August 03, 1985|From Times Wire Services

LIMA, Peru — President Alan Garcia's new government has devalued the Peruvian sol by 12% and frozen the exchange rate in an attempt to halt the currency's 250% decline over the past 12 months, the government news agency Andina reported Friday.

"It is not possible to continue with the present system of mini-devaluations," Andina quoted Prime Minister Luis Alva Castro, who also is minister of the economy, as saying.

"This has been the clearest sign of the instability of costs," Alva Castro said. "For that reason, we have decided on a devaluation of 12% and freezing--repeat, freezing--the basic price at that level."

In a related development, the State Department said Friday that the United States has banned new aid to Peru because the country is more than a year behind on payments for $200,000 in military equipment. Greg Lagana, a department spokesman, said the ban went into effect Thursday.

He said the U.S. Embassy in Lima warned the Peruvian government on July 17 that the arrears were approaching a year and new aid might be threatened.

Federal Law Cited

Under a federal law, if a government falls 12 months behind in its payments on interest or principal of U.S development loans or military purchases, the United States must suspend new aid.

A State Department spokesman, who asked not to be identified by name, said the money in question is "a very small amount relatively."

The official said that talks were under way with the Peruvian government and that it was likely a late payment would be made, causing the ban to be lifted.

Alva Castro did not give the new rate at which the Peruvian sol would be frozen. The official exchange rate was 12,480 soles to the dollar on July 26, the last day that it was quoted.

On Thursday, the 5-day-old government announced a 90-day freeze on dollar accounts.

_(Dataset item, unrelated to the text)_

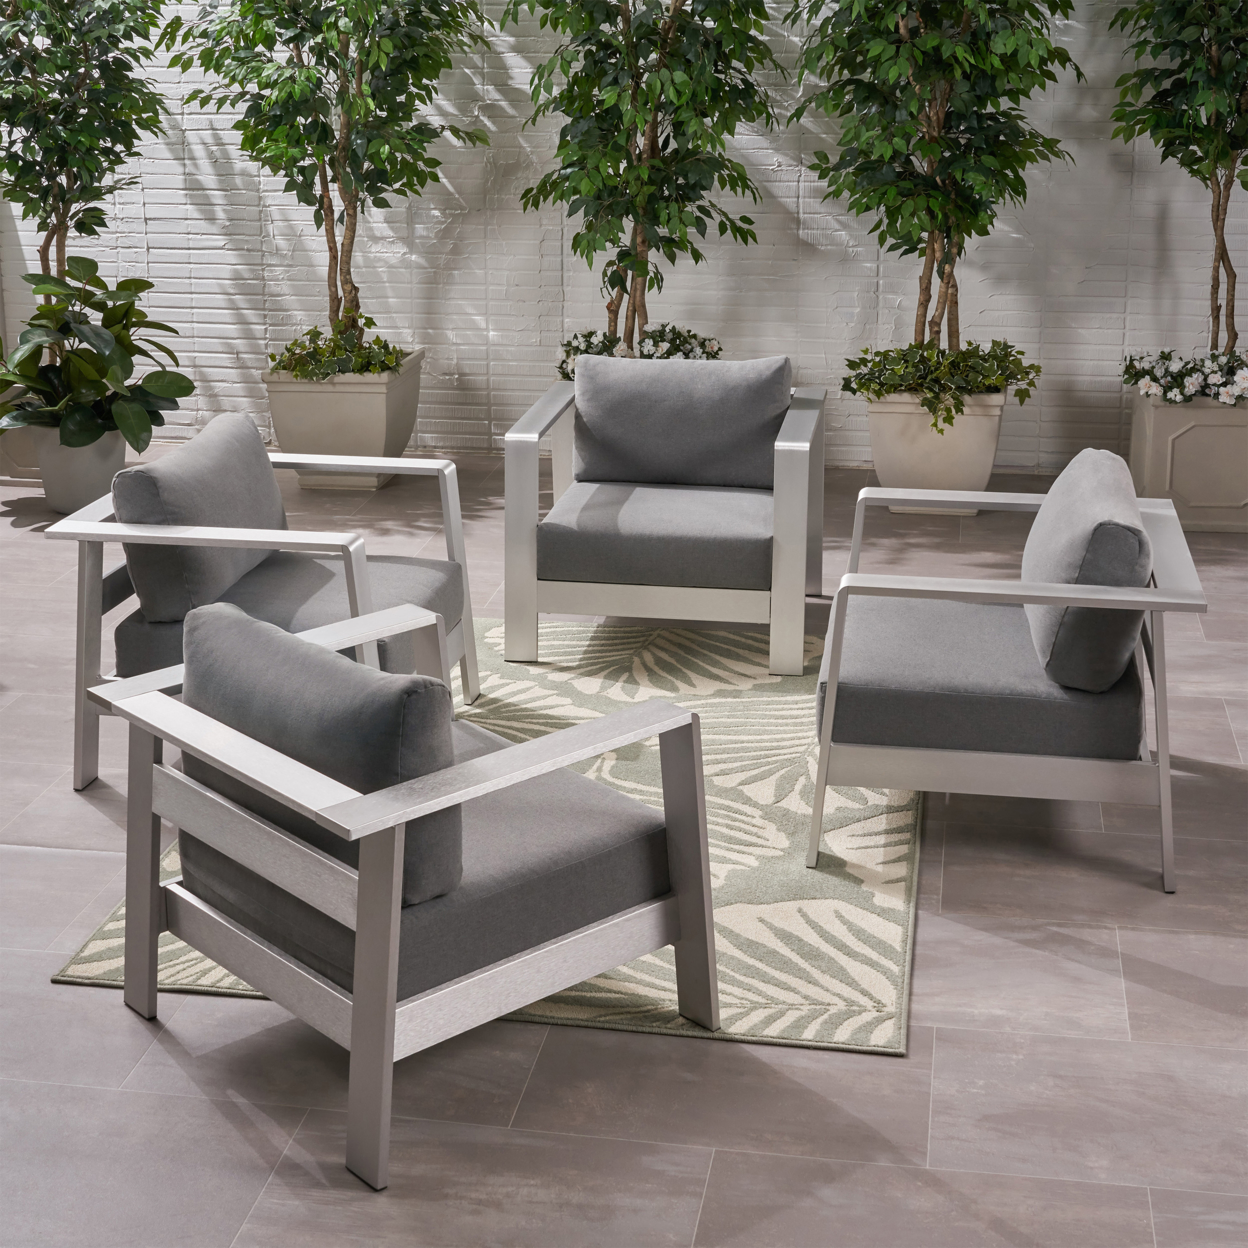 Sindy Outdoor Aluminum Club Chairs With Cushions (Set Of 4) - Silver + Gray
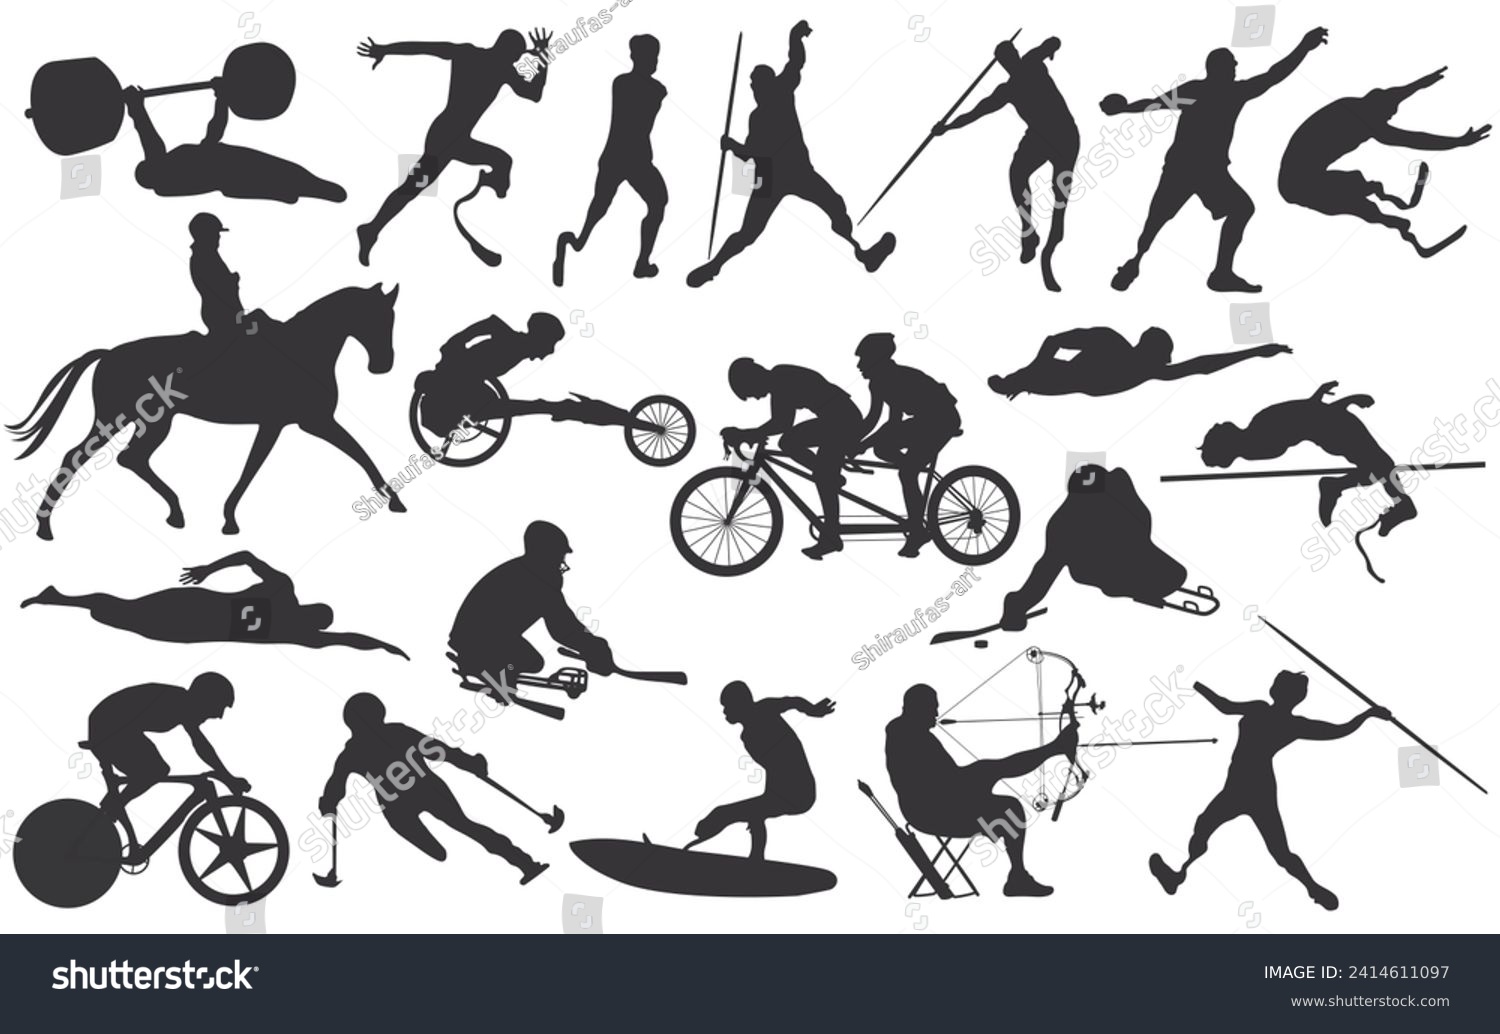 SVG of Set of 20 male athletes with disability vol.2. Cutout solid icons. Men sport player silhouettes vector illustration. svg

Under the decree, holders of such accounts can withdraw their money only in Peruvian currency.

Alva Castro said Friday that depositors would be able to withdraw dollars at the end of 90 days but would have to prove that they needed them for legitimate purposes.

Garcia said in his inaugural speech last Sunday that Peru would limit foreign debt payments over the next 12 months to 10% of the value of the country's exports.

The nation's banks reopened Thursday after being closed Tuesday and Wednesday on government orders.

Bank officials said they had been ordered by authorities not to buy or sell dollars when they reopened Thursday because the government had not announced what the new exchange rate would be.